Pesha’s face turned pale. With her inflamed eyes, she looked like a sad clown wearing red-and-white makeup. “We’ll have to walk so close to him,” she said shakily.

“But he’ll be talking to the people in the compartment, with his back to us,” I pointed out.

“Let’s do it!” Mr. Bobrow decided, pushing his spectacles up firmly. “I’ll go first and warn you when we’re getting close to the inspector. Whatever you do, don’t look into the compartment where he’s standing.”

Fear was a rock in my chest as I followed Mr. Bobrow at a distance. Nechama pressed against my back. The other children fell in behind. Soon Mr. Bobrow gave an urgent wave, without turning around to us. I glanced back as we all quickened our steps. Laya had her head bent over baby Gittel, while Pesha kept her face toward the outer windows.

For a moment we heard the booming voice of the inspector again. He was just beginning his speech in a new compartment.

“Attention, if you please. I am the inspector authorized by our glorious new government to …”

Out of the corner of my eye, I caught sight of his broad back. His gray uniform reminded me of the soldiers who had grabbed Uncle Pinchas. Panic forced bile from my stomach to my throat. I just knew that in a second or two the loud voice would be turned in our direction, a heavy hand would grab my shoulder. I heard Nechama whimper very softly, and I reached back to get hold of any part of her. My fingers brushed her sleeve and I held on tightly.

Ahead, Mr. Bobrow shoved a door aside. I felt him push me into a compartment and I stumbled inside with Nechama, the others right behind.

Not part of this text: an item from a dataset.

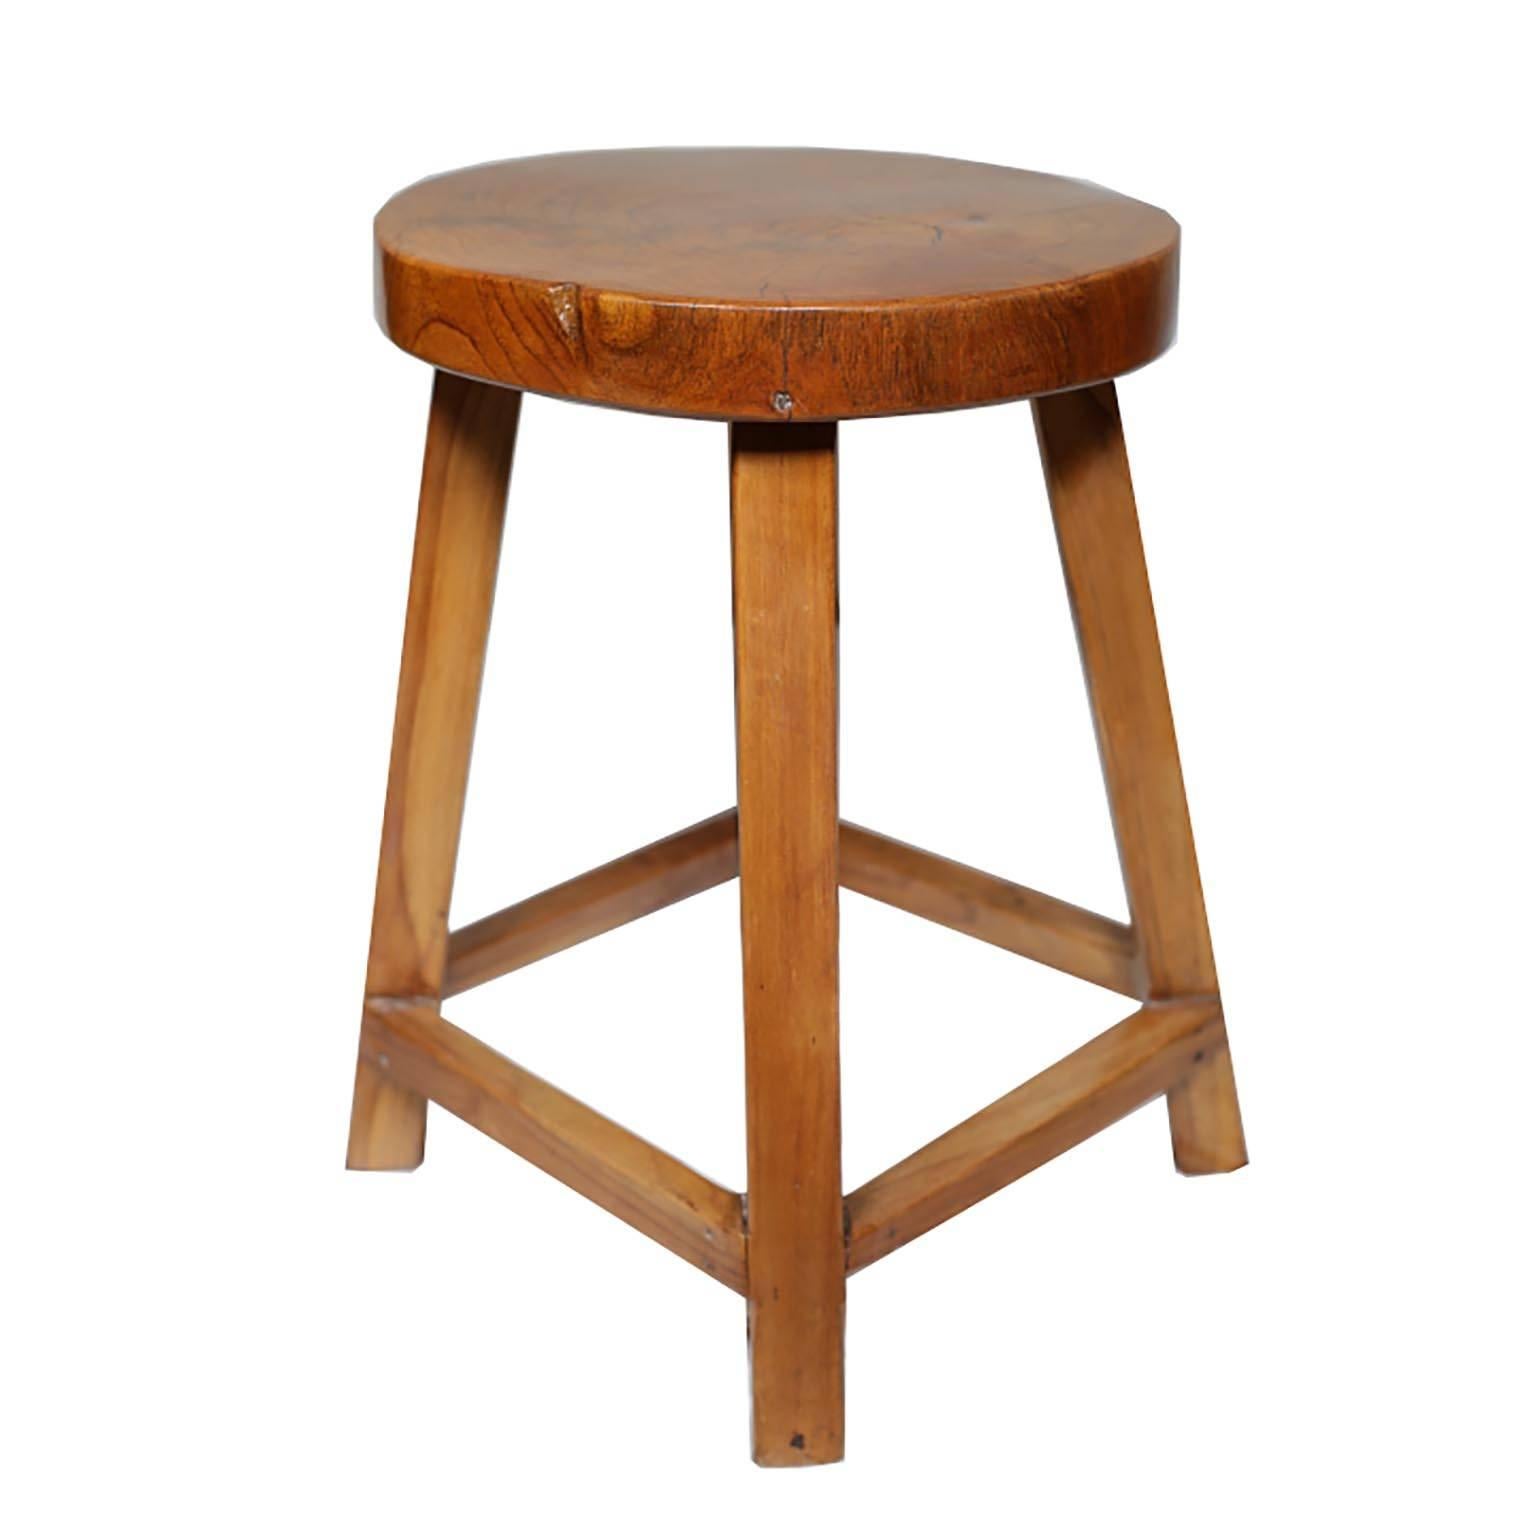 Beautiful constructed Koa wood stool.

Isaac Ochberg’s face stared up at us, gray with worry. We were back in our own compartment, safe from the inspector.

“We were at the end—” Nechama burst out excitedly, but I squeezed her arm to silence her.

Two strangers were sleeping in the seats we had left vacant. Mr. Ochberg was signaling us with a quick pursing of his lips to be quiet.

Nechama subsided immediately. She, too, understands danger, I thought grimly. Mr. Ochberg and Mr. Bobrow told Braindel to give me her seat and squeeze in with Rosha. I took Nechama onto my lap. She was too big to fit comfortably, but we sat very close together, her back pressed against my chest.

Mr. Bobrow leaned over and patted my hand. “That was a good idea of yours, back in the corridor,” he whispered softly. “Now get some sleep if you can.”

I closed my eyes, still feeling Mr. Bobrow’s approving pat. Papa used to pat me that way when he was proud of me. I felt proud of myself, and relieved, and still frightened, all mixed up together. But mainly I felt so, so tired. The train wheels called out a rhythm, “Mama, Pa-pa, Mama, Pa-pa, Mama, Pa-pa …” I let go and sank into the words.